L'intento di questo articolo è davvero semplice: fare un po' di chiarezza sul significato di Intelligenza Artificiale (AI), di Machine Learning (ML) e di Deep Learning. Il termine Intelligenza Artificiale (AI) descrive un po' tutte le possibile vie mediante cui una macchina interagisce con il mondo che le sta intorno. Una classica chatbot rientra perciò nel concetto di intelligenza artificiale, così come la CPU in un videogioco (i nemici in Metal Gear Solid, in Splinter Cell, cioè in quei casi in cui il personaggio cerca di adattarsi alla situazione che il giocatore genera. L'esempio più immediato è dato dall'avversario in un videogioco di scacchi, forse).

Ovviamente, non è questo che si intende negli ultimi anni quando si parla di AI, soprattutto nel settore marketing.

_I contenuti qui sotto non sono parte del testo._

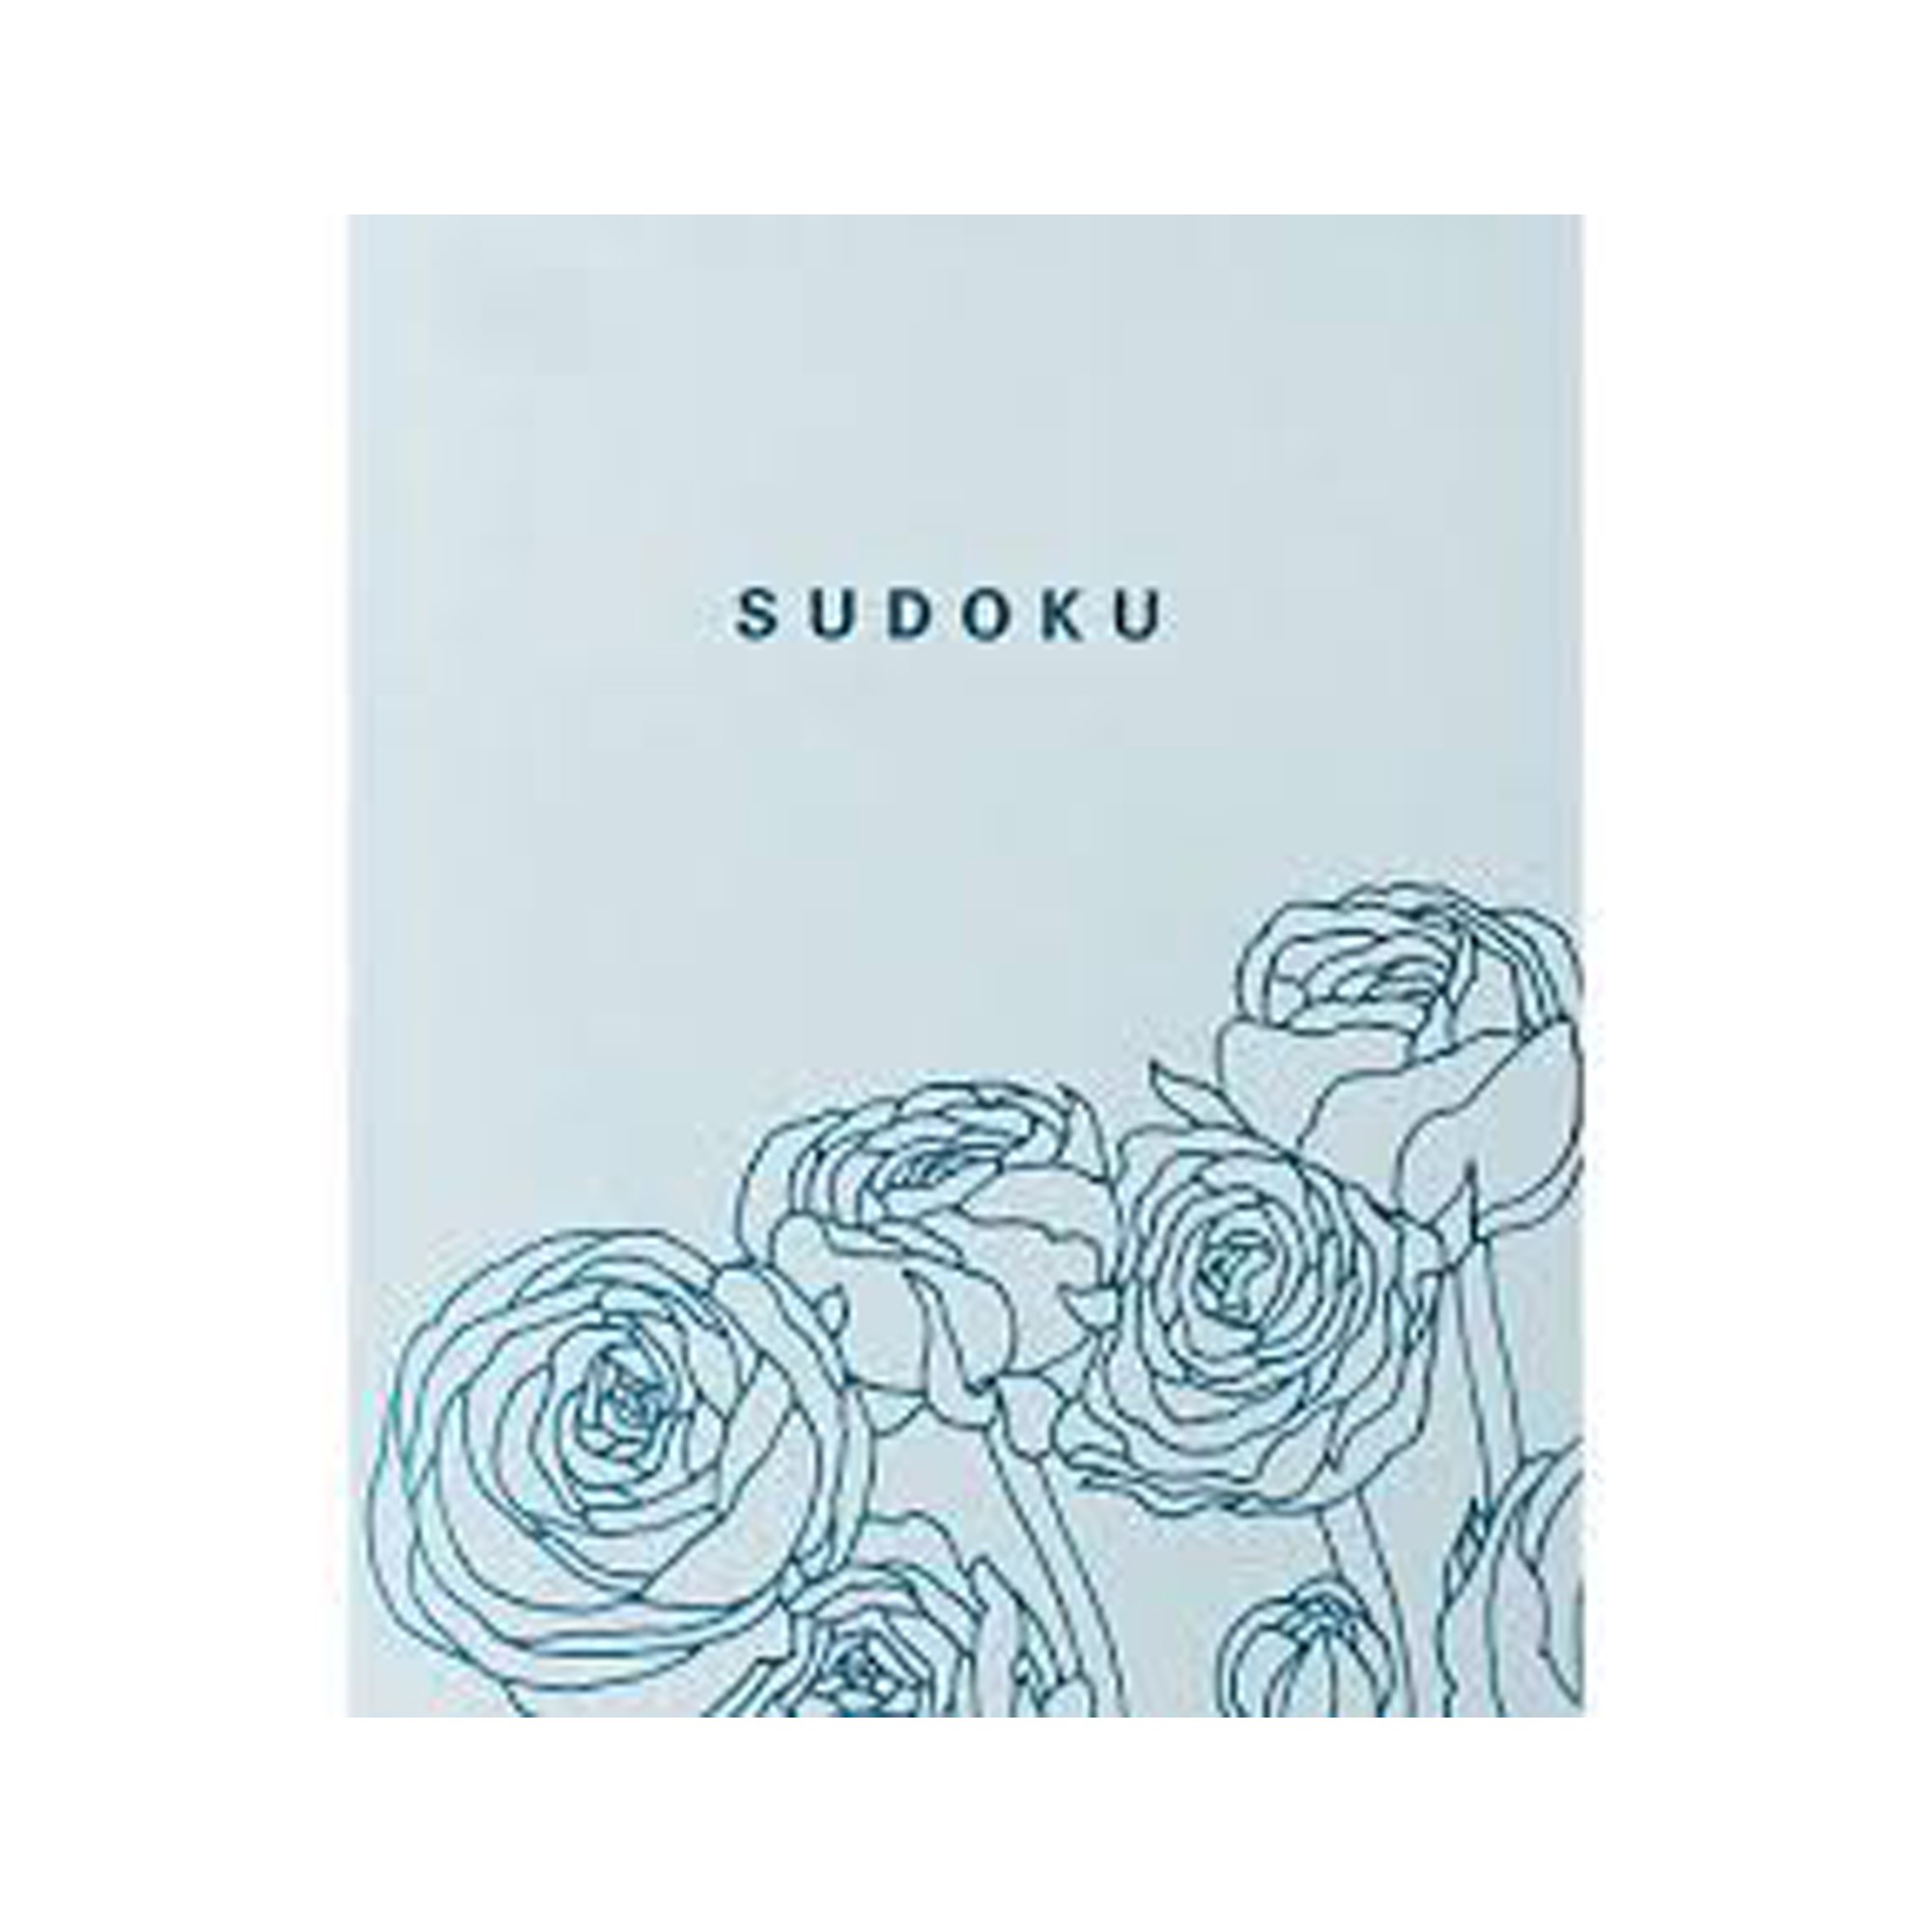 Involved Meal panel Sudoku Pantone Puzzle Book | Cancer Research UK Online Shop

Sempre più spesso ci si riferisce a quelle piattaforme che si servono di tecnologie più avanzate e che consentono, perciò, di mimare il comportamento umano molto verosimilmente (gli assistenti vocali come Siri, Cortana, Alexa ne sono l'attuale esempio più efficace). Tra queste innovative tecnologie rientrano principalmente quelle che sfruttano il Machine Learning e le sue rispettive sottoclassi.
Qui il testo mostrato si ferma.